↓
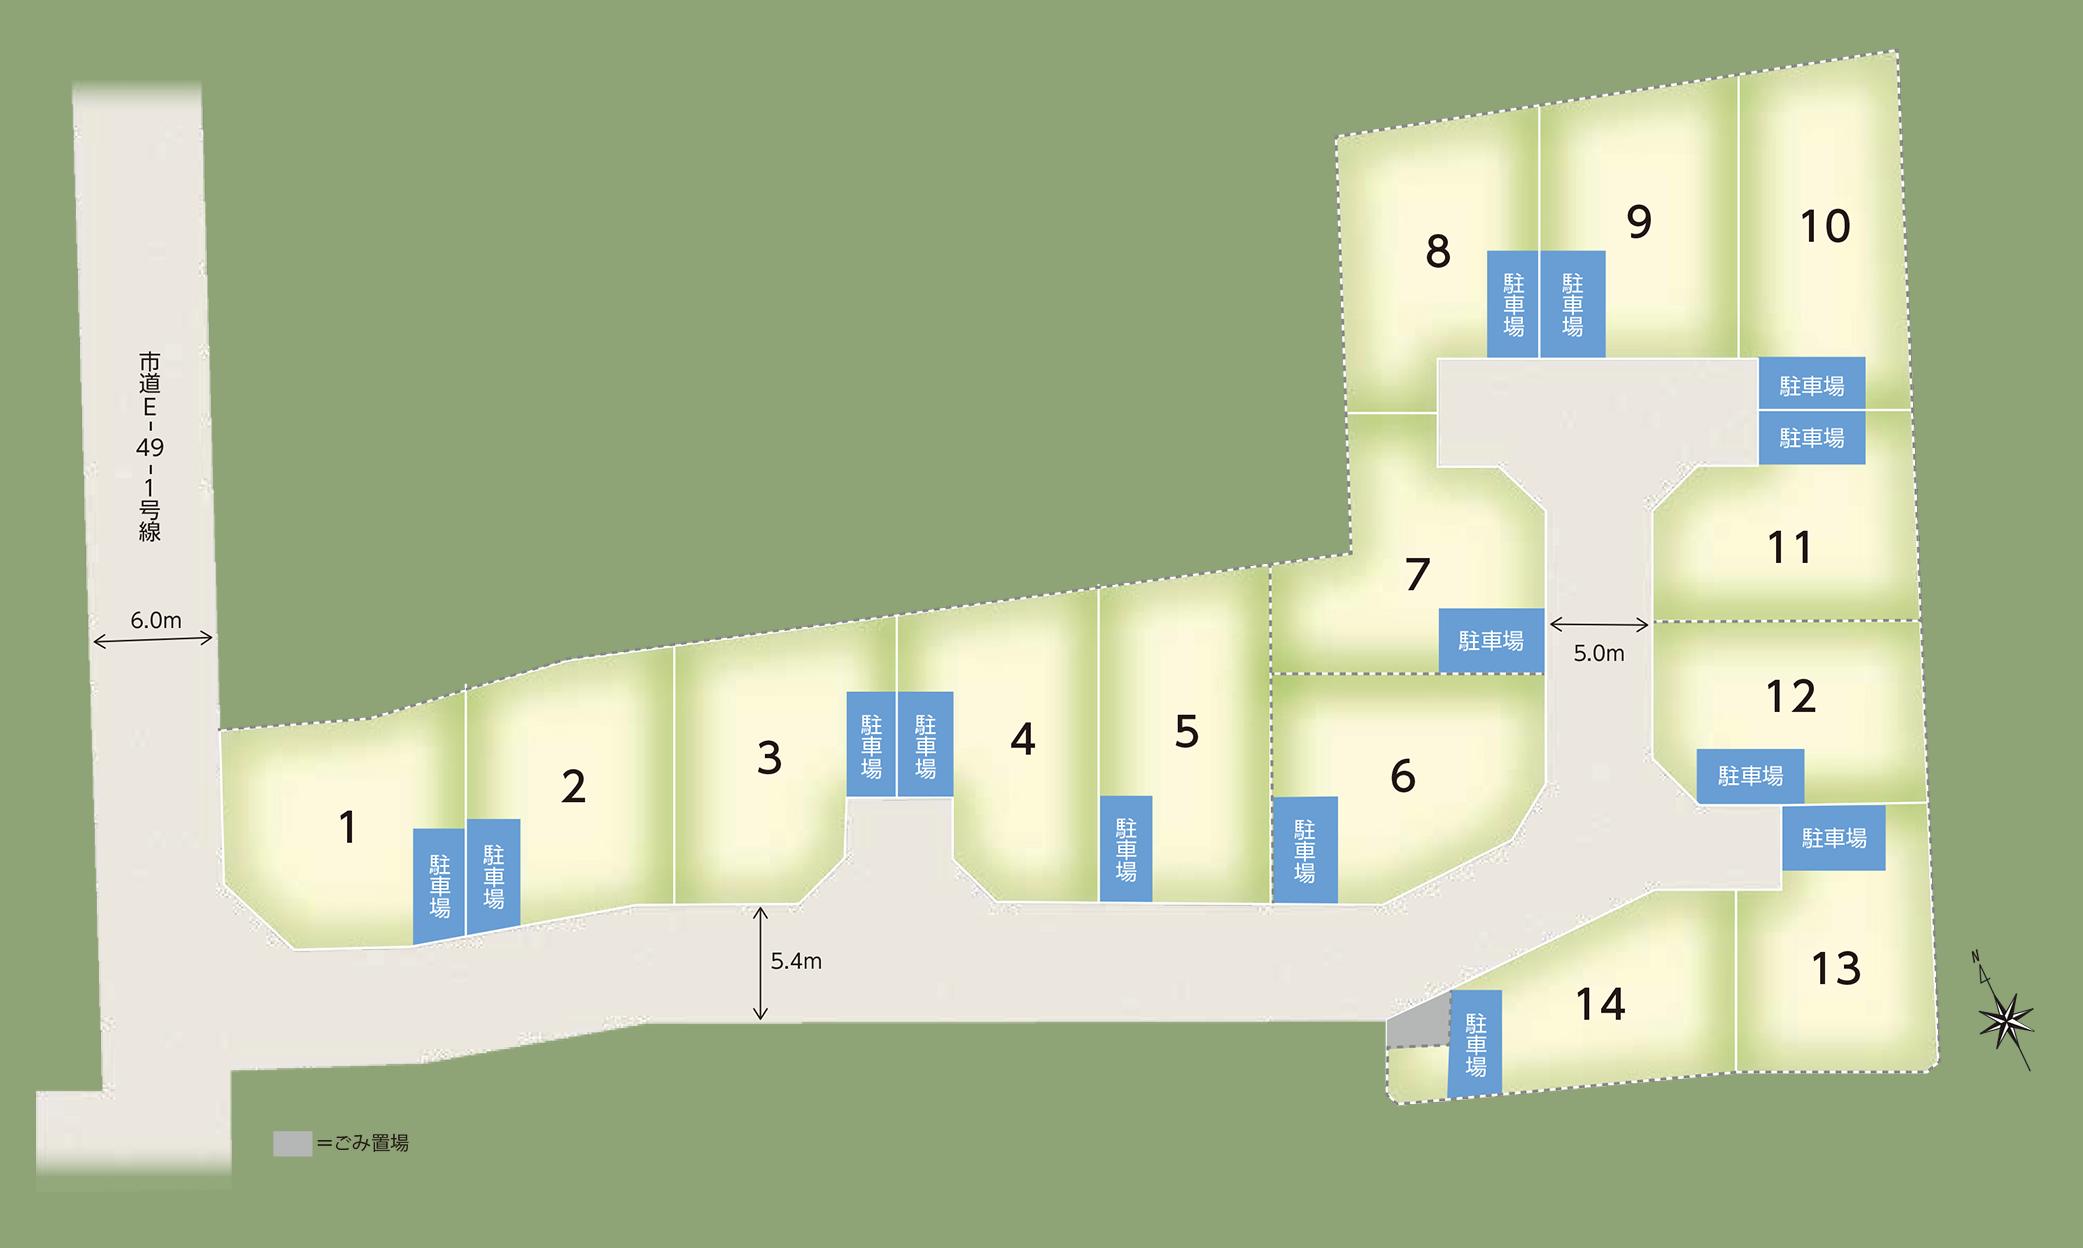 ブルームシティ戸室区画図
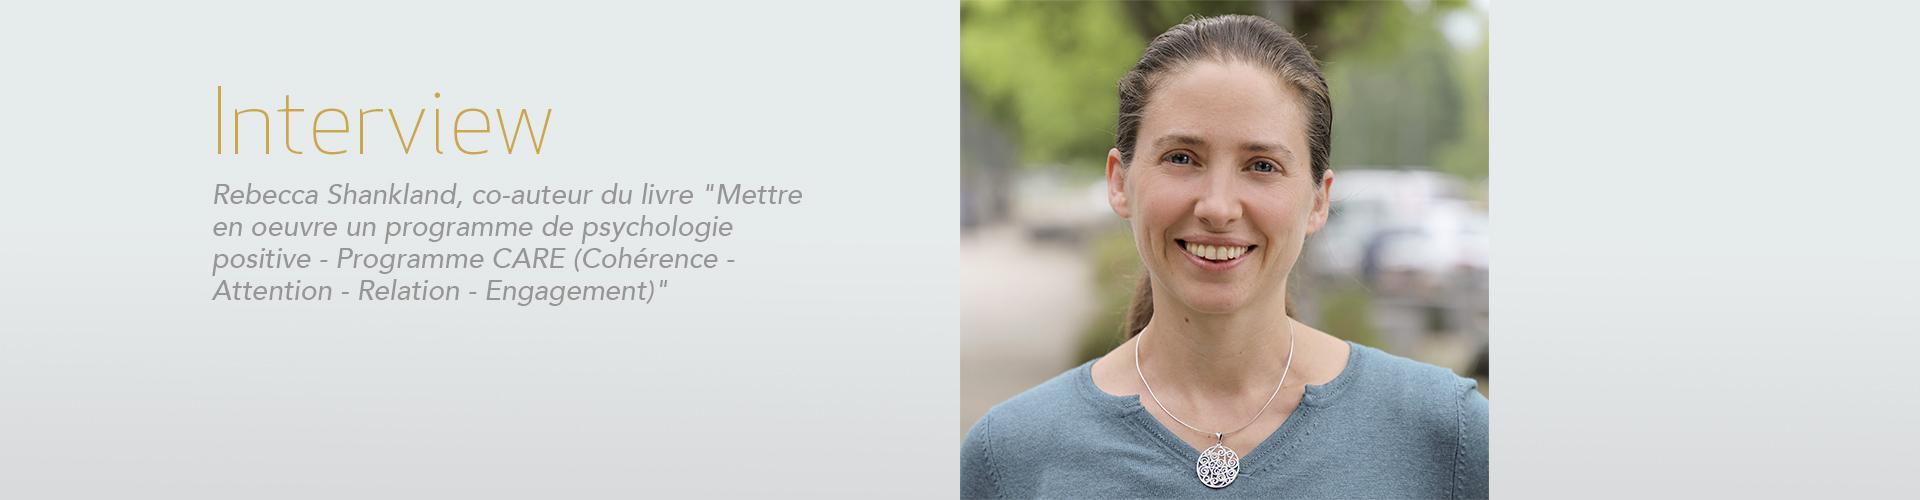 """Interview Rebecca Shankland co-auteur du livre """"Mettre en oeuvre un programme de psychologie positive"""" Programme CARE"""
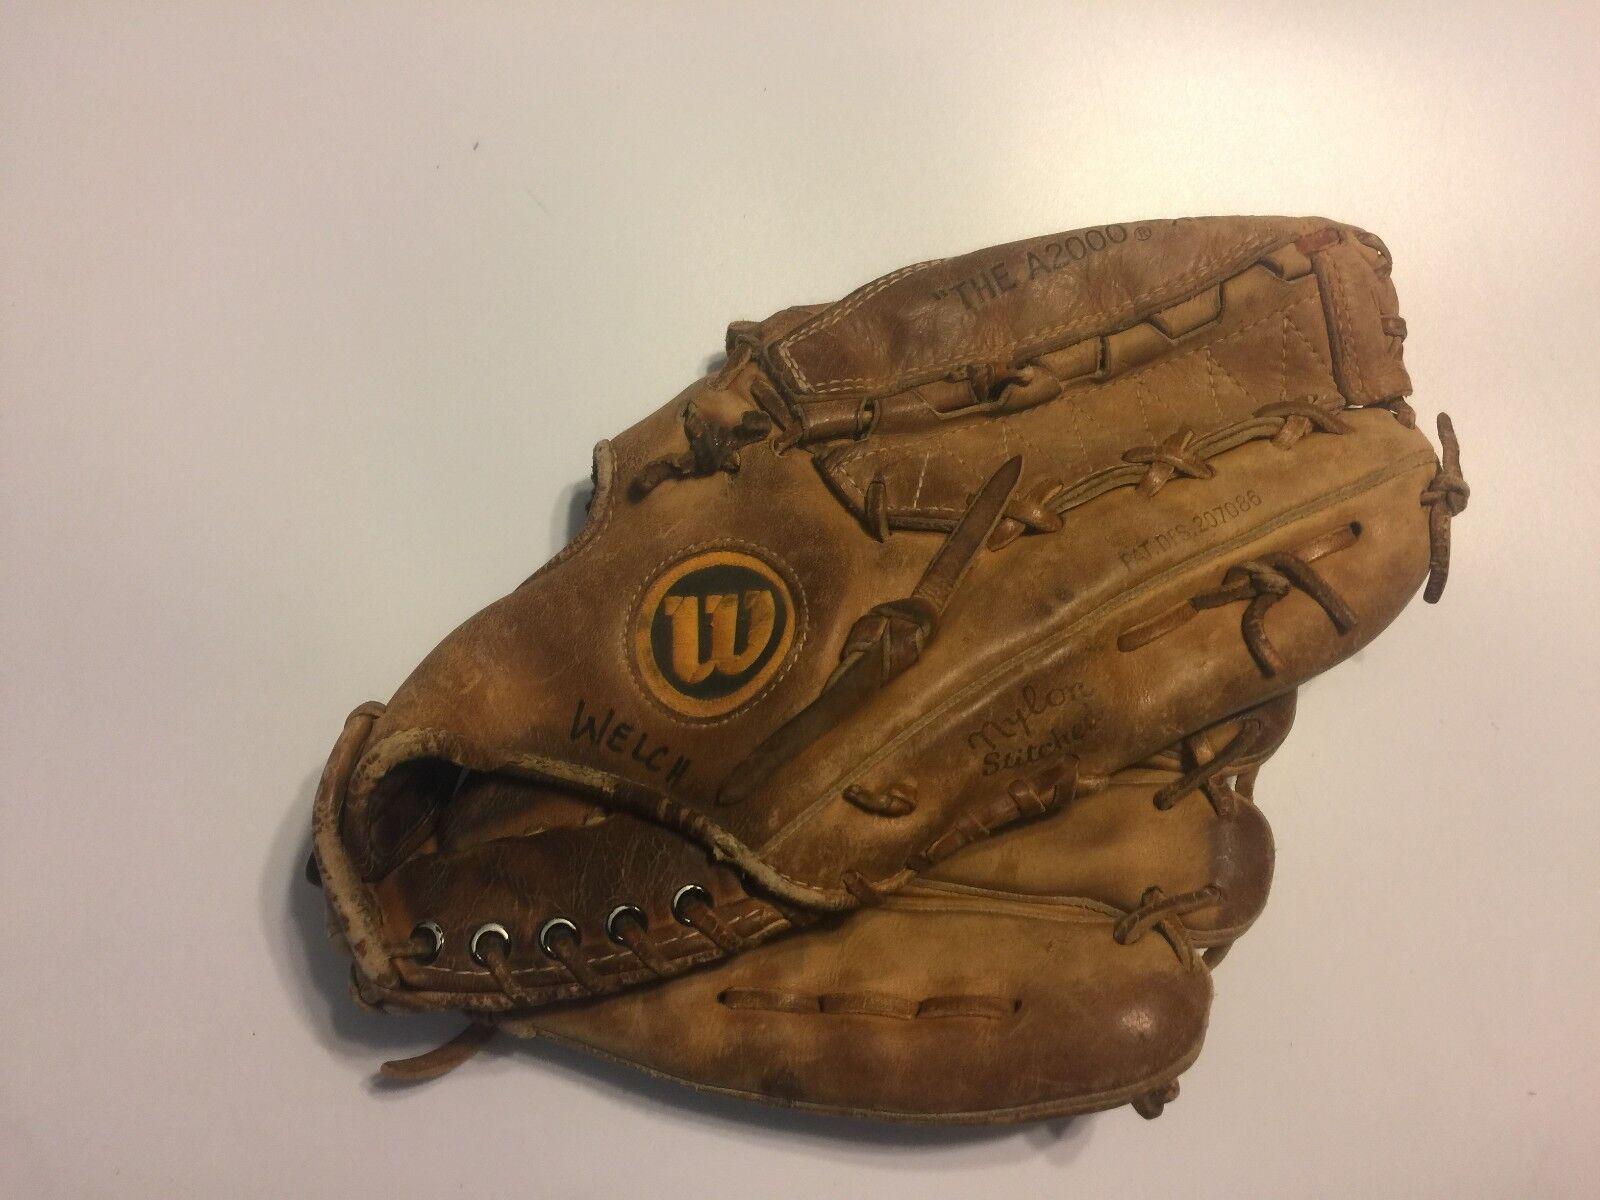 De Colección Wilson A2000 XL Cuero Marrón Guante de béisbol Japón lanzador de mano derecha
↑
§ **WHAT TO WORK ON**
What you return must match the material above exactly, apart from its pictures.

§ **ANSWER TO THE PROBLEM**
 ブルームシティ戸室区画図
 """Interview Rebecca Shankland co-auteur du livre """"Mettre en oeuvre un programme de psychologie positive"""" Programme CARE"""
 De Colección Wilson A2000 XL Cuero Marrón Guante de béisbol Japón lanzador de mano derecha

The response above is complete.